Das Landgericht hat der Beklagten die Verwendung der konkreten Klausel untersagt. Die Berufung der Beklagten hat das Oberlandesgericht zurückgewiesen. Auf die vom Berufungsgericht zugelassene Revision der Beklagten hat der Bundesgerichtshof das Berufungsurteil teilweise aufgehoben und die Sache zur neuen Verhandlung und Entscheidung an das Berufungsgericht zurückverwiesen (Urteil vom 9. Dezember 2014 - X ZR 147/13, NJW-RR 2015, 618; vgl. Pressemitteilung Nr. 183/2014). Im wiedereröffneten Berufungsverfahren hat die Beklagte die Berufung zum Teil zurückgenommen und die Klausel nur noch in folgender Fassung verteidigt:

"Bei Vertragsschluss wird bei Reisen der Marken X1-2-Fly und XTUI gegen Aushändigung der Bestätigung die Anzahlung in Höhe von 40 % des Gesamtpreises fällig".

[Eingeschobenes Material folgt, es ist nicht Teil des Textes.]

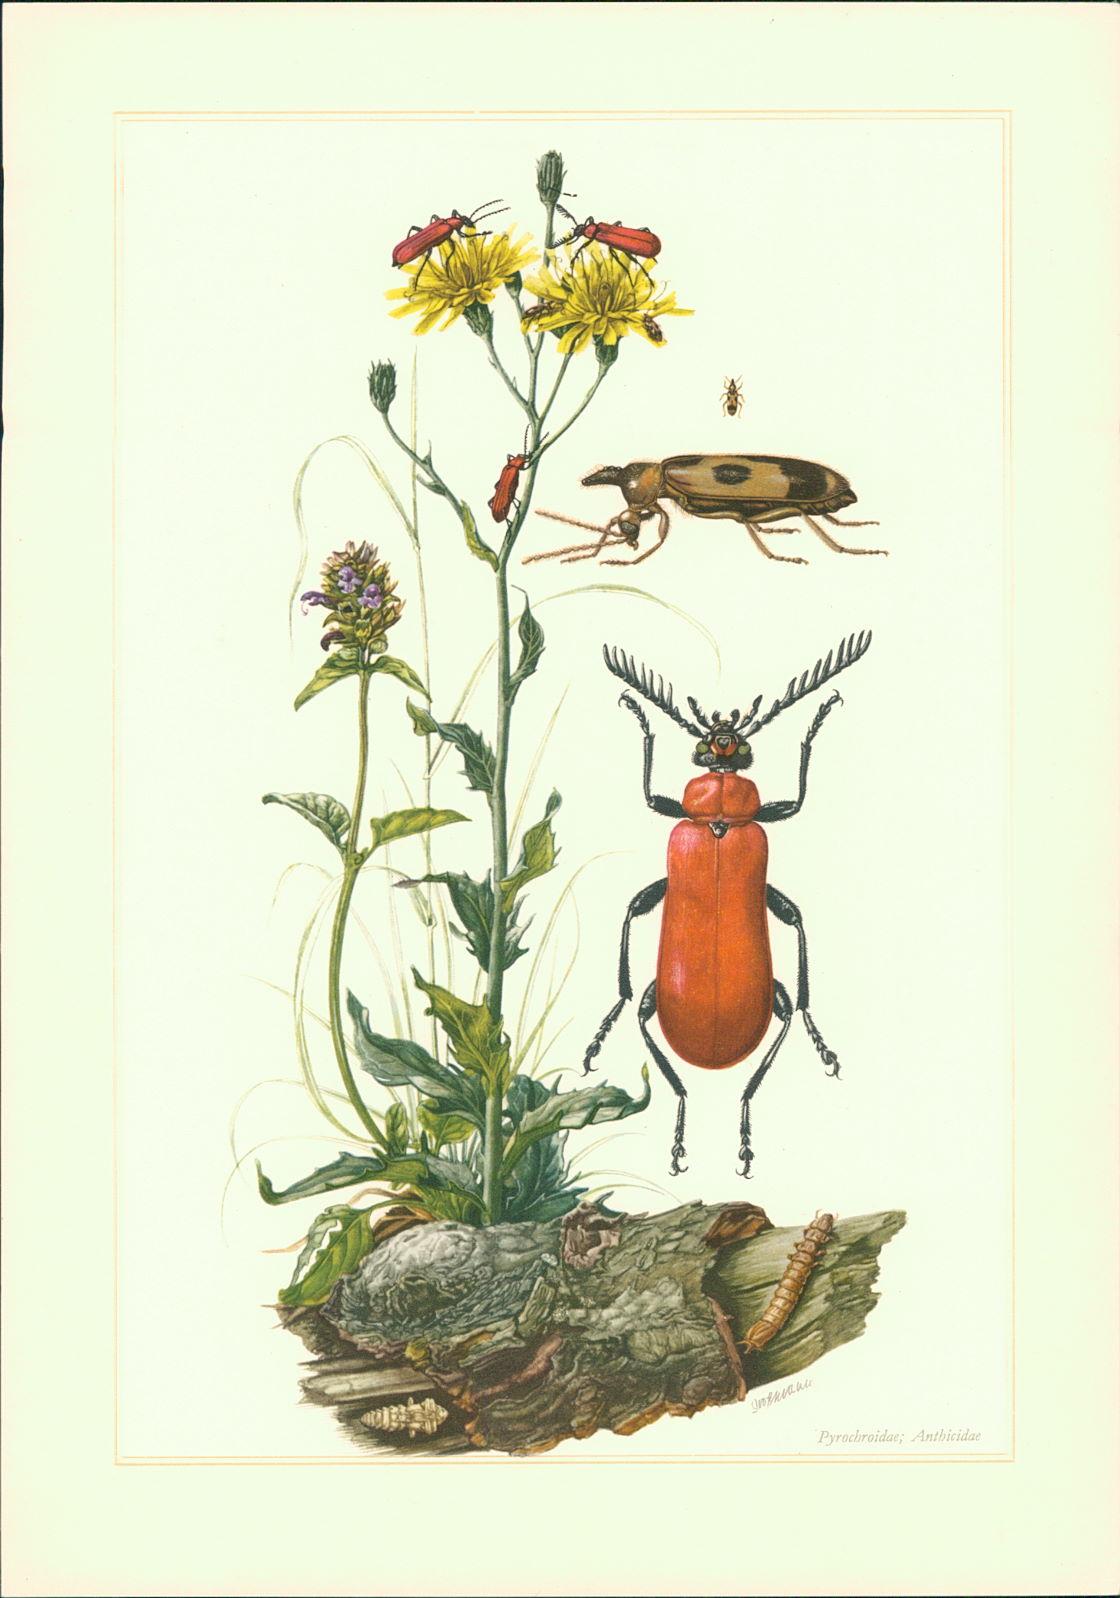 Grossmann, K.: Kunstdruck - Offsetdruck. Käfer. Feuerkäfer. Kardinalkäfer (Pyrochroa coccinea l.). Einhornkäfer Notoxus (= Anthicus) monoceros l.) Farboffsetdruck.

Das Berufungsgericht hat die verbliebene Berufung der Beklagten zurückgewiesen. Es hat angenommen, die Reisenden würden durch eine Anzahlung in Höhe von 40 % des Reisepreises unmittelbar bei Vertragsschluss unangemessen benachteiligt. Die Beklagte habe zwar für die in Rede stehenden Reisen die Vorleistungsquoten für die Geschäftsjahre 2013/14 und 2014/15 mit 47,1 % und 46 % berechnet, dabei aber aus Rechtsgründen nicht berücksichtigungsfähige Provisionszahlungen an Reisebüros einbezogen. Nach deren Abzug verblieben Vorleistungsquoten von 37,8 % und 36,6 %, die eine Anzahlung in der geforderten Höhe nicht rechtfertigen könnten. Zudem wiesen die Vorleistungen der Beklagten bei den Kosten für Flugbeförderung und Hotels eine zu große Bandbreite auf. Die für die Reisen der jeweiligen Marken gebildete durchschnittliche Vorleistungsquote sei daher nicht, wie vom Bundesgerichtshof verlangt, für die Gesamtheit dieser Reisen repräsentativ.

Die vom Berufungsgericht zugelassene Revision der Beklagten hatte Erfolg und führte zur Aufhebung des Berufungsurteils und zur Zurückverweisung der Sache.

Der für das Reiserecht zuständige X. Zivilsenat hat die Provisionszahlungen an Reisebüros als Aufwendungen des Reiseveranstalters angesehen, die dieser für die Beratung des Reisenden und die Planung der von diesem gebuchten Reise im zeitlichen Zusammenhang mit der Buchung erbringen muss. Die Zahlungen verringern folglich buchungsbezogen die liquiden Mittel des Reiseveranstalters.

Hinsichtlich der Flugkosten, die die Beklagte nach ihrem Vortrag in etwa 90 % der Reisen vorfinanzieren muss und in etwa 10 % erst bei Durchführung der Reisen bezahlt, hat der Bundesgerichtshof es anders als das Berufungsgericht nicht für erforderlich gehalten, bei der Bemessung der Höhe der Anzahlung zwischen beiden Fällen zu differenzieren. Denn es besteht kein Zusammenhang zwischen Art, Zuschnitt und Qualität der Reiseleistungen, die der Verbraucher bucht, und der Art und Weise, wie die Beklagte die Flugbeförderung finanziert und gegebenenfalls vorfinanziert. Es ist daher nicht zu beanstanden, wenn die Gesamtheit der Vorleistungen der Beklagten für die Flugbeförderung mit einem identischen Prozentsatz des Reisepreises auf die von der Gesamtheit der Reisenden der Kategorien X1-2-Fly und XTUI zu leistenden Anzahlungen umgelegt werden.

Hinsichtlich der Vorleistungen, die die Beklagte gegenüber Hotelbetreibern erbringt ("touristische Vorleistungen"), bedarf es noch der Klärung durch das Berufungsgericht, ob zwischen Reisen der Kategorien X1-2-Fly und XTUI und den übrigen von der Beklagten angebotenen Reisen oder innerhalb dieser Kategorien signifikante Unterschiede bei der Höhe der touristischen Vorleistungen bestehen, die es geboten erscheinen lassen, diese bei den Anzahlungen nicht mit einem einheitlichen Prozentsatz vom Reisepreis zu berücksichtigen, sondern insoweit zu differenzieren.